→ **AVAILABLE DATA**
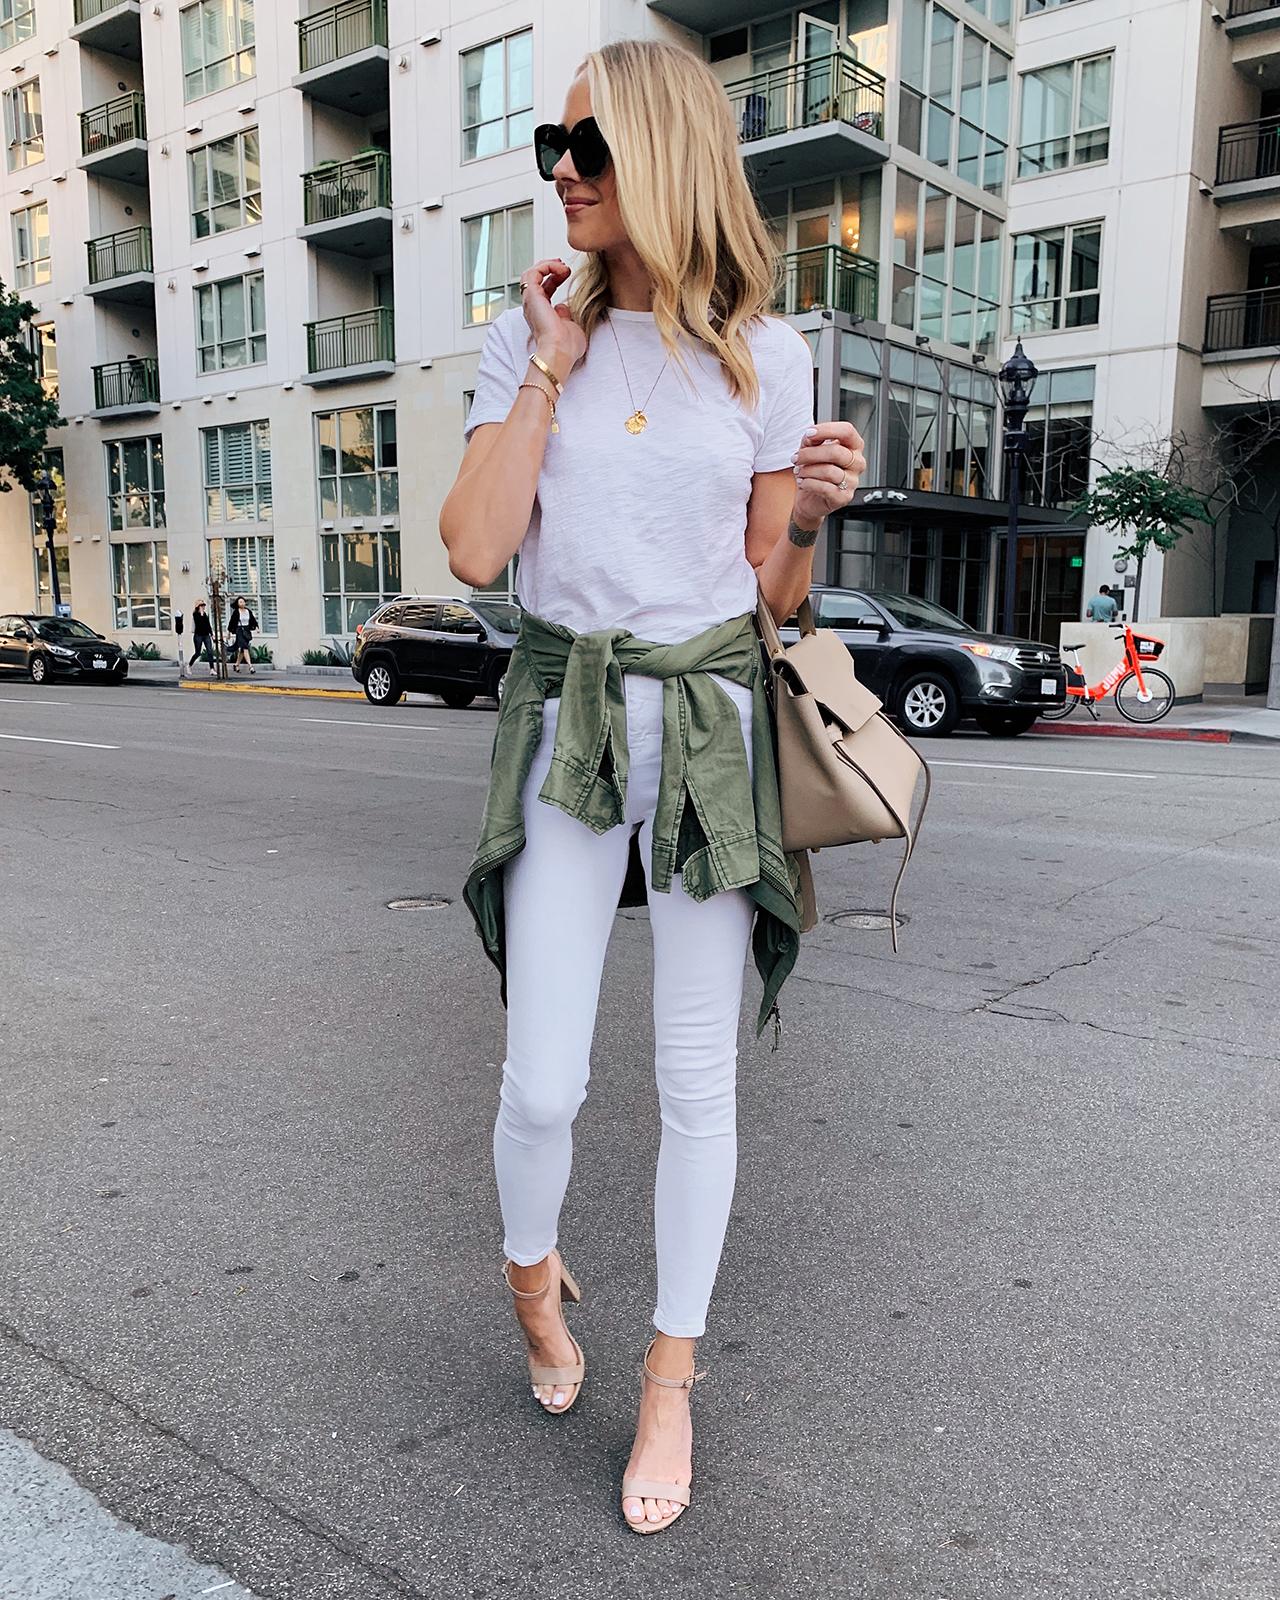 Fashion Jackson Wearing White Tshirt White Skinny Jeans Green Utility Jacket Tan Heeled Sandals
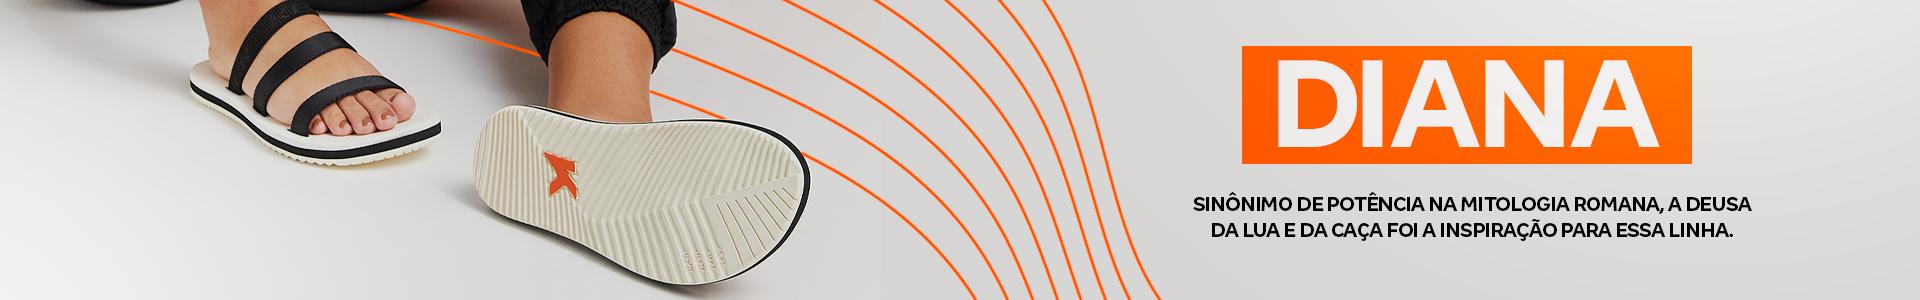 banner-desktop-diana
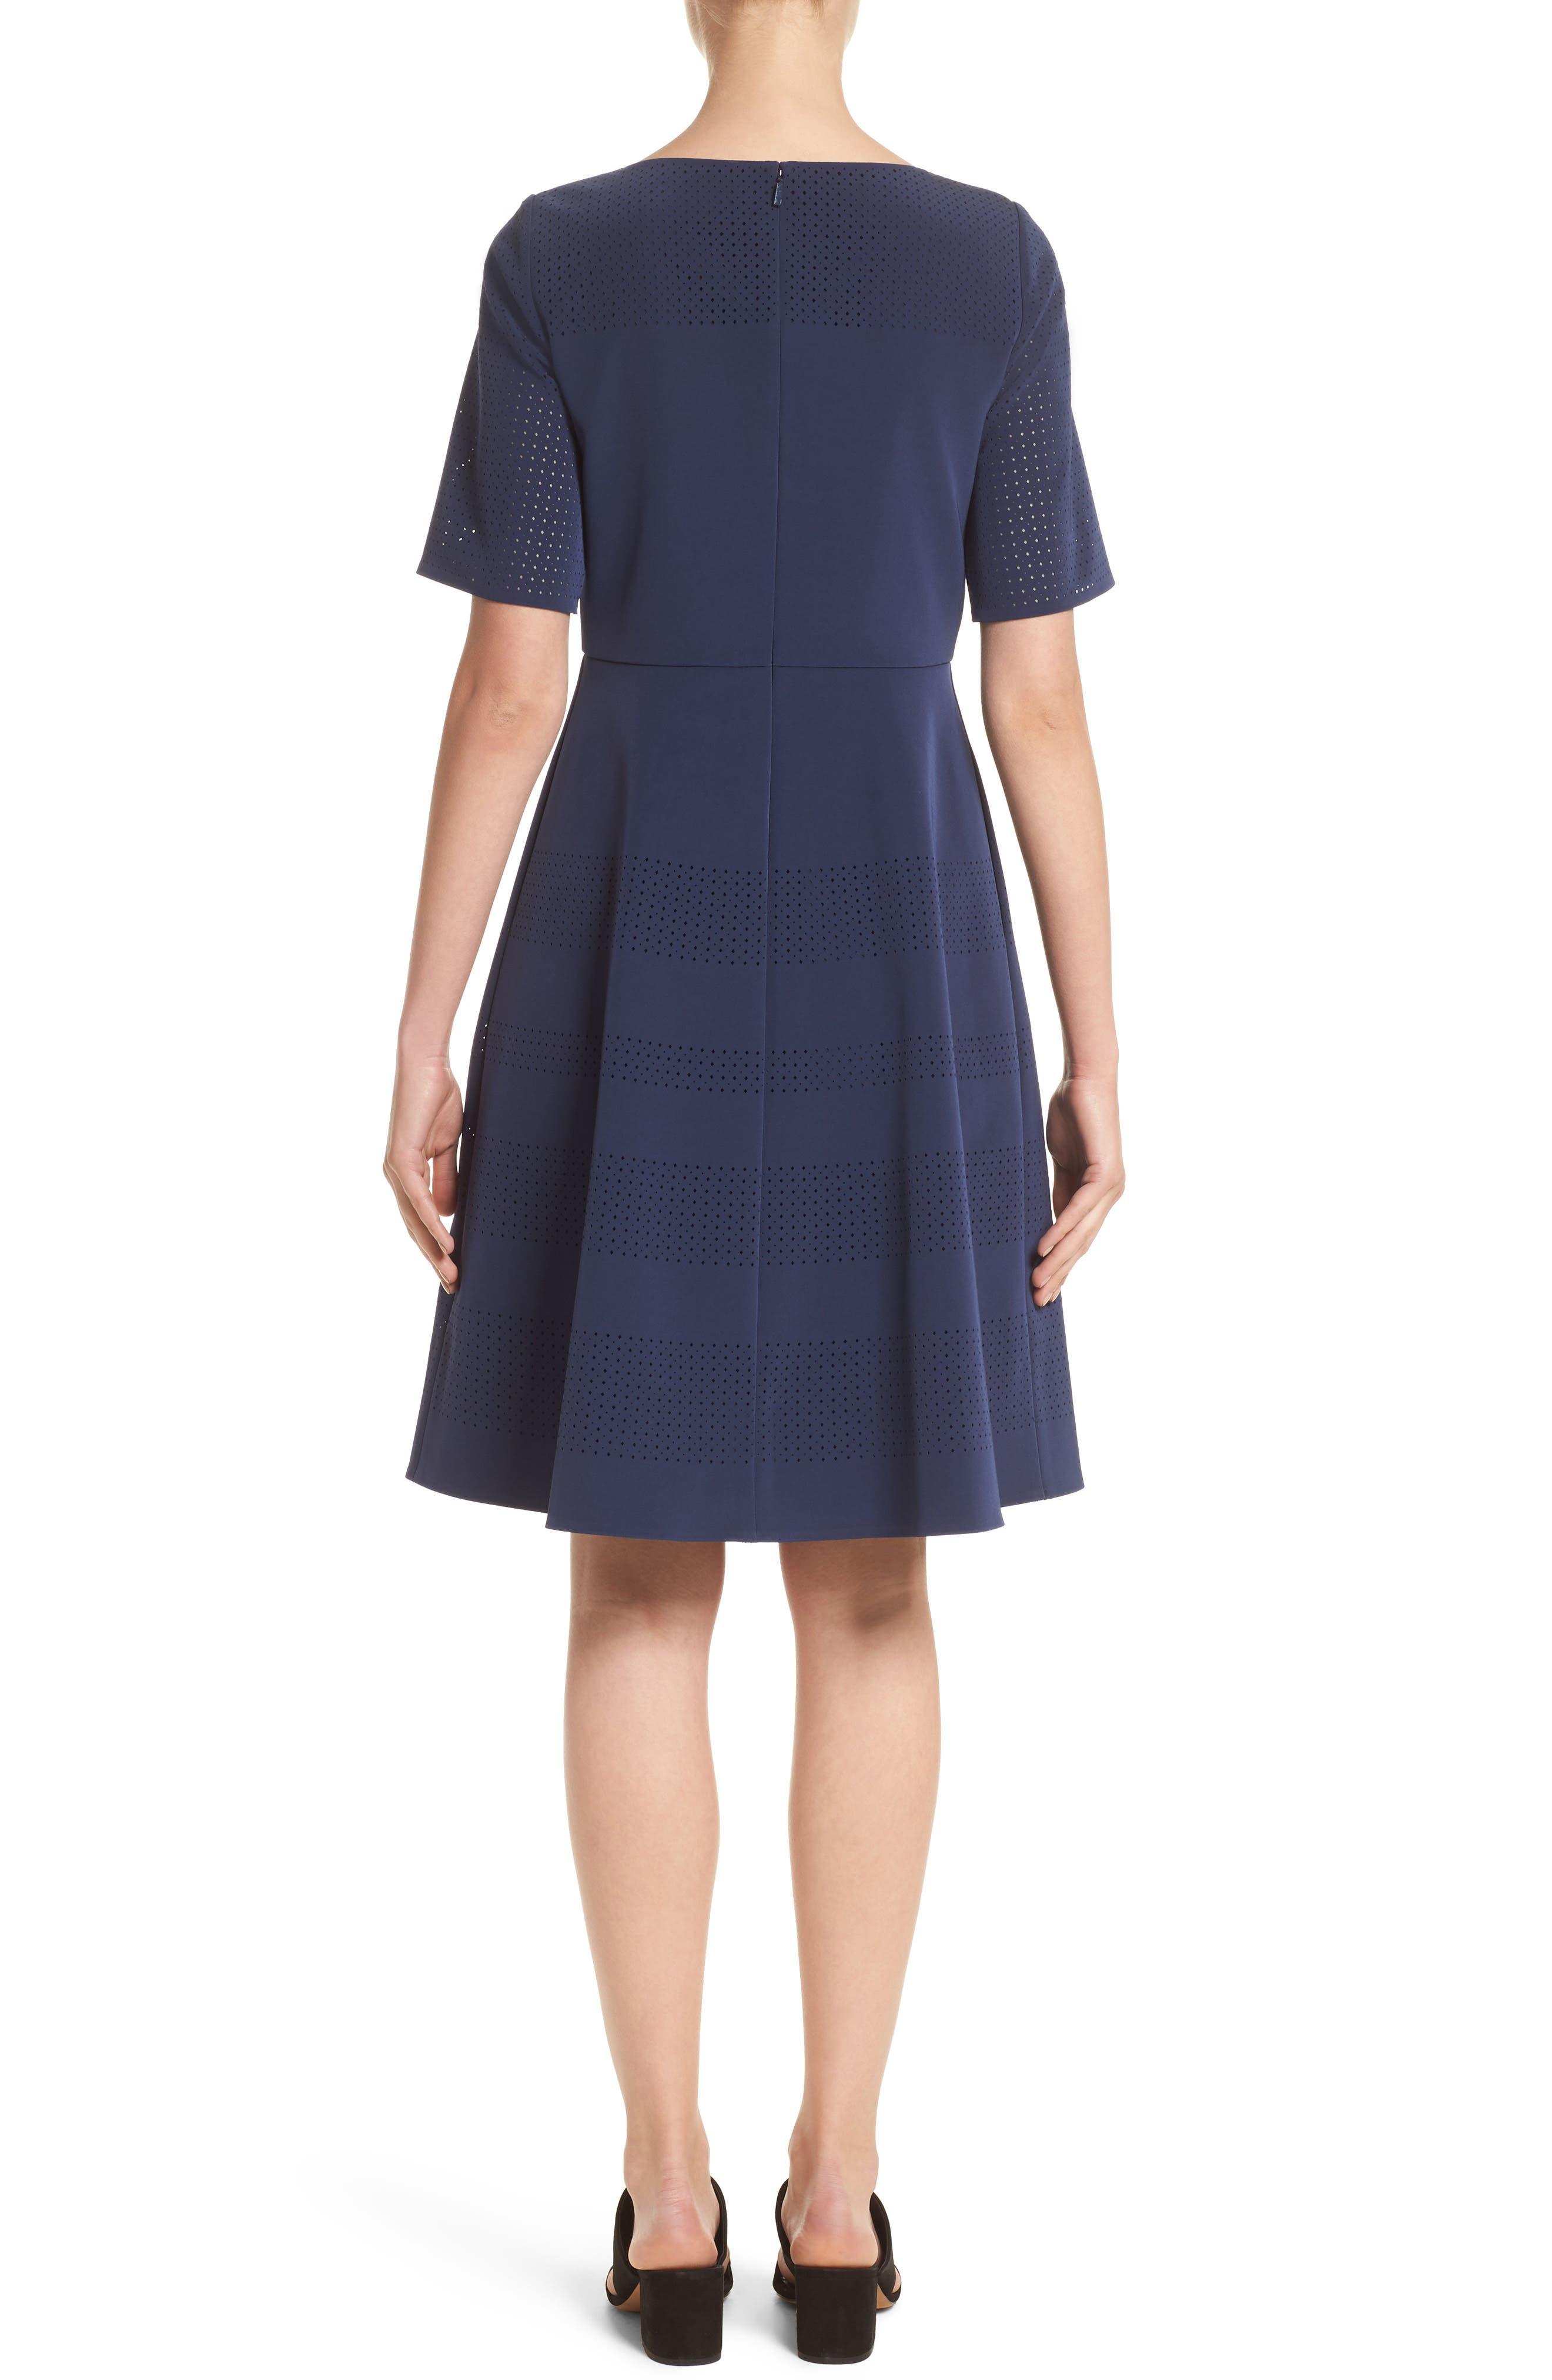 Alternate Image 2  - Lafayette 148 New York Tamera Perforated Fit & Flare Dress

→ **DIRECTIONS**
Print the full listing above exactly. Pictures stay out of the copy.

→ **FINISHED TASK**
 Fashion Jackson Wearing White Tshirt White Skinny Jeans Green Utility Jacket Tan Heeled Sandals
 banner-desktop-diana
 Alternate Image 2  - Lafayette 148 New York Tamera Perforated Fit & Flare Dress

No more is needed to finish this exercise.